14. The query error correction method according to claim 1, characterized in that, before determining at least one candidate information of the query information based on the query information and the target error correction data matched with the user, the Said method also includes any of the following:

Based on the user group of the user, determining the error correction data of the user group as the target error correction data matching the user, the error correction data of the user group includes the interest data set of the user group;

Based on the user group of the user, determining the error correction data of the user and the error correction data of the user group as the target error correction data, and the error correction data of the user includes the interest data of the user;

Based on the user group of the user, determining the error correction data and general error correction data of the user group as the target error correction data, the general error correction data including the interest data set of global users of the target application;

Based on the user group of the user, the error correction data of the user, the error correction data of the user group and the common error correction data are determined as the target error correction data.

15. A query error correction device, characterized in that the device comprises:

The first determination module is configured to determine first error indication information of the query information based on a target model matched with the user in response to receiving query information input by the user into the search box, and the target model is used to determine the first error indication information of the query information based on the target model The user's interest data in the target application determines whether the information input into the target model is wrong;

A candidate determination module, configured to determine at least one candidate associated with the query information based on the target error correction data matching the user and the query information in response to the first error indication information indicating that the query information is wrong Information, the target error correction data at least includes the interest data of the user in the target application;

A second determining module, configured to determine second error indication information of the at least one candidate information based on the target model;

A correction module, configured to determine correction information of the query information from the at least one candidate information based on the second error indication information.

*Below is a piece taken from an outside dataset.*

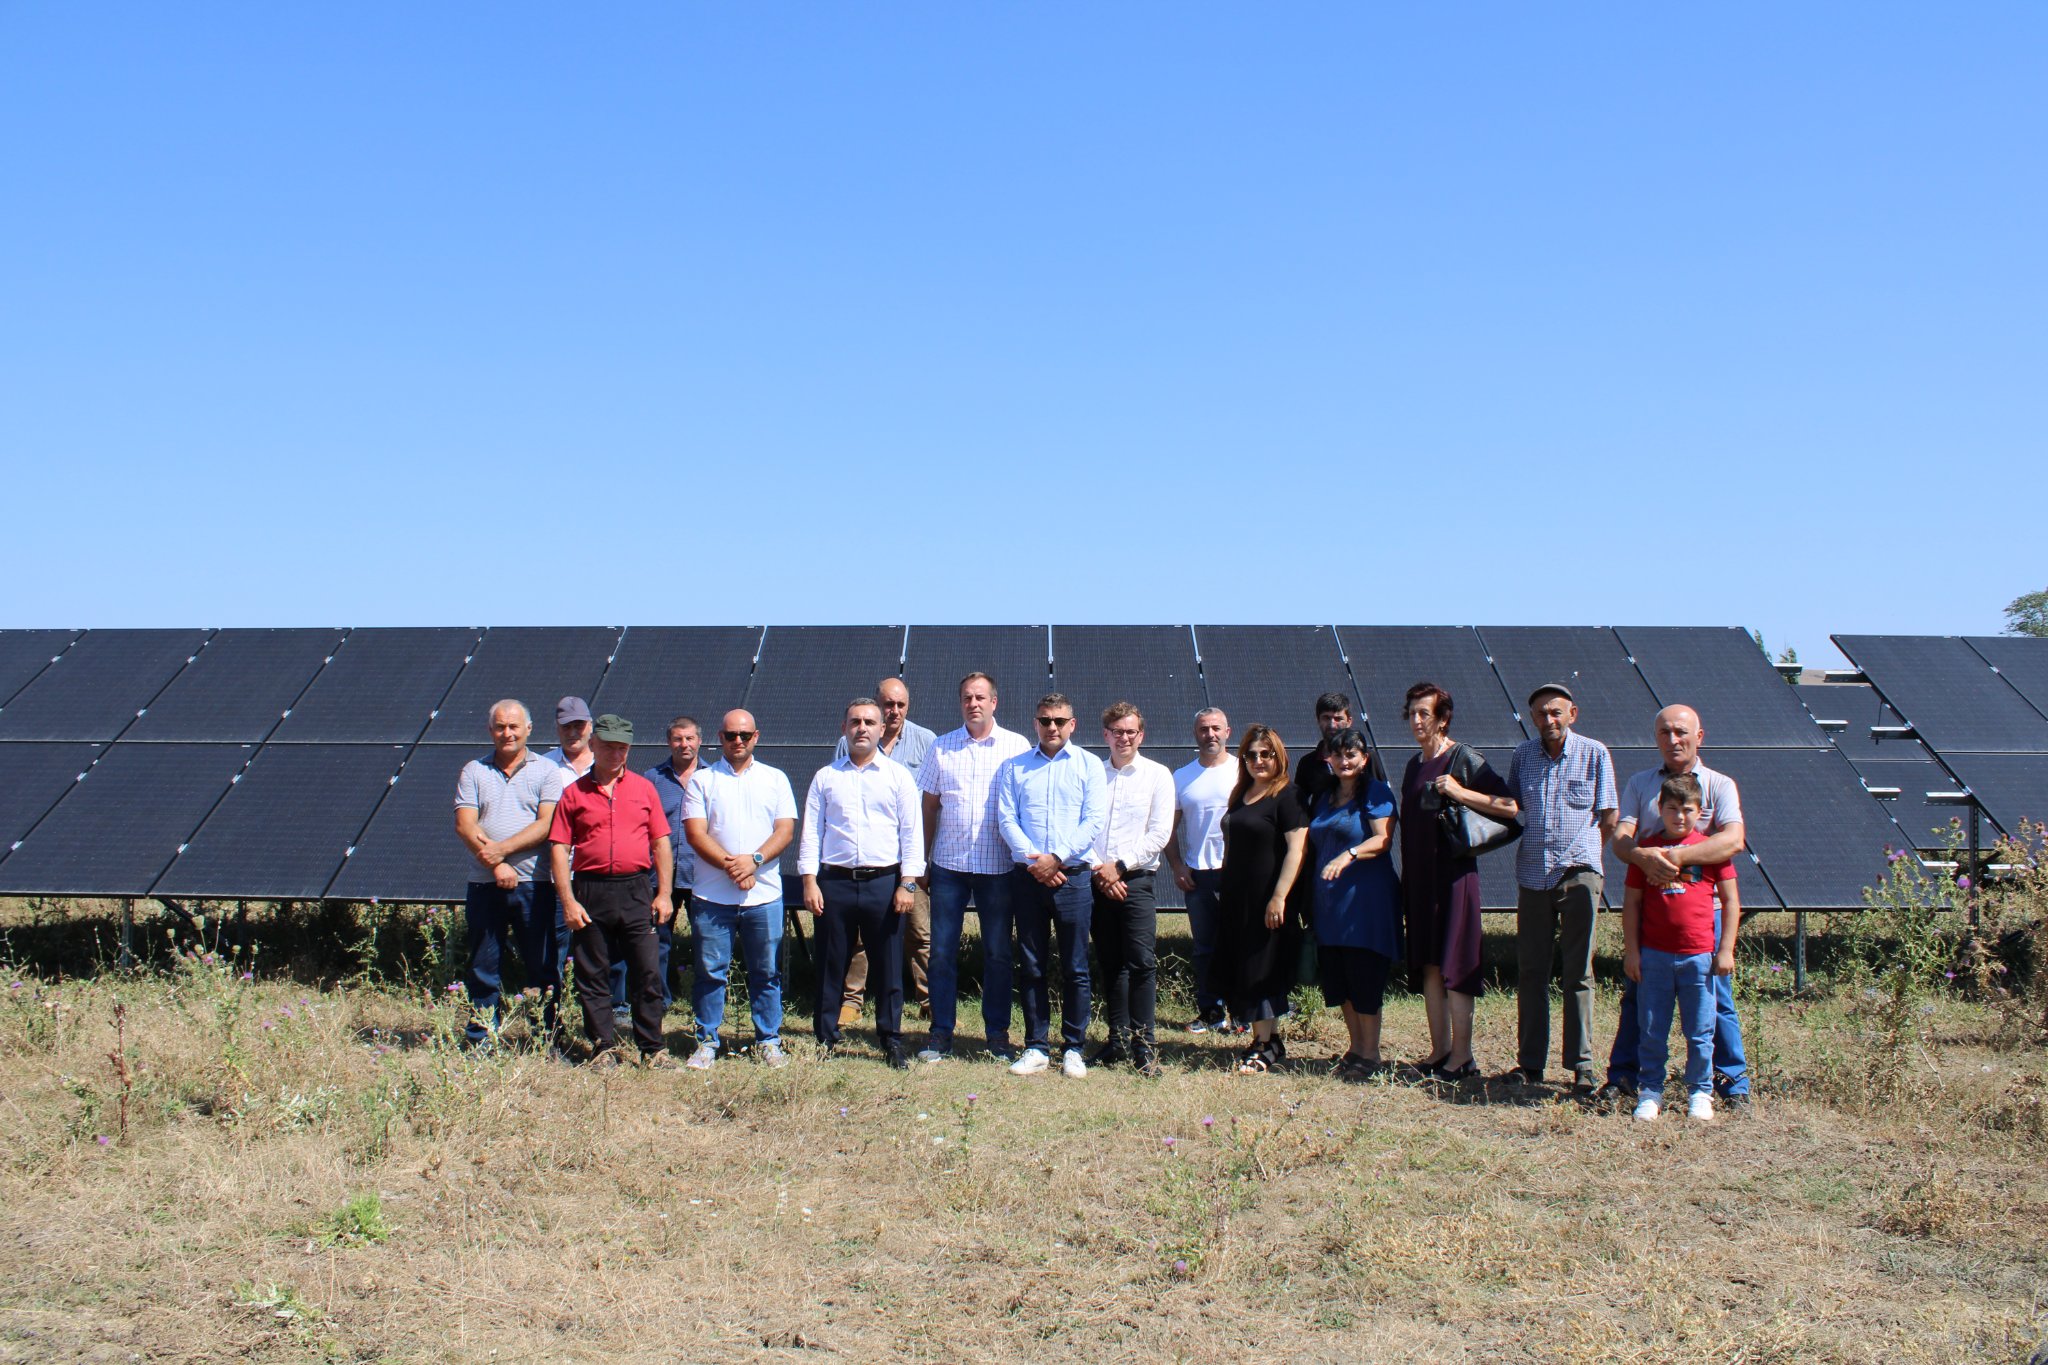 2022 წლის 17 აგვისტოს შიდა ქართლში მზის ელექტროსადგურის პროექტის ფარგლებში, ვიზიტით იმყოფებოდნენ ლიეტუვური ორგანიზაცია “სოლეტ ტექნიკსისა” და ქართული კომპანია შპს “მზის სახლის” წარმომადგენლები.
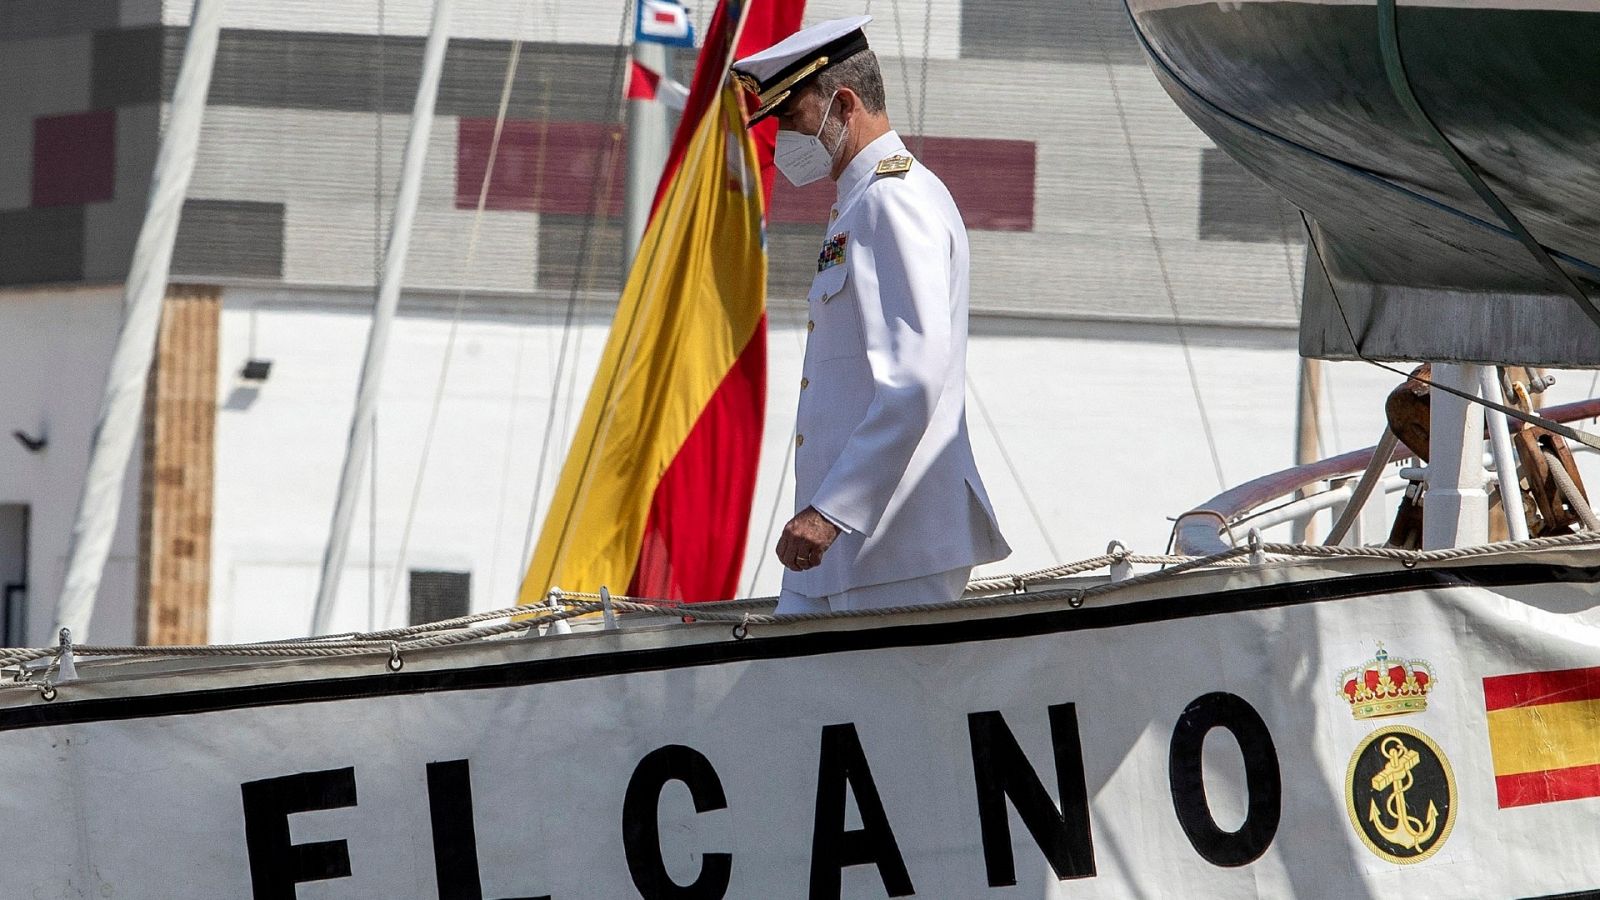 El buque Juan Sebastián Elcano llega a Cádiz tras diez meses de travesía

16. A computer device comprising a memory, a processor and a computer program stored on the memory, wherein the processor executes the computer program to realize the query error correction described in any one of claims 1 to 14 method.

17. A computer-readable storage medium, on which a computer program is stored, wherein, when the computer program is executed by a processor, the query error correction method according to any one of claims 1 to 14 is implemented.

18. A computer program product, comprising a computer program, characterized in that, when the computer program is executed by a processor, the query error correction method according to any one of claims 1 to 14 is implemented.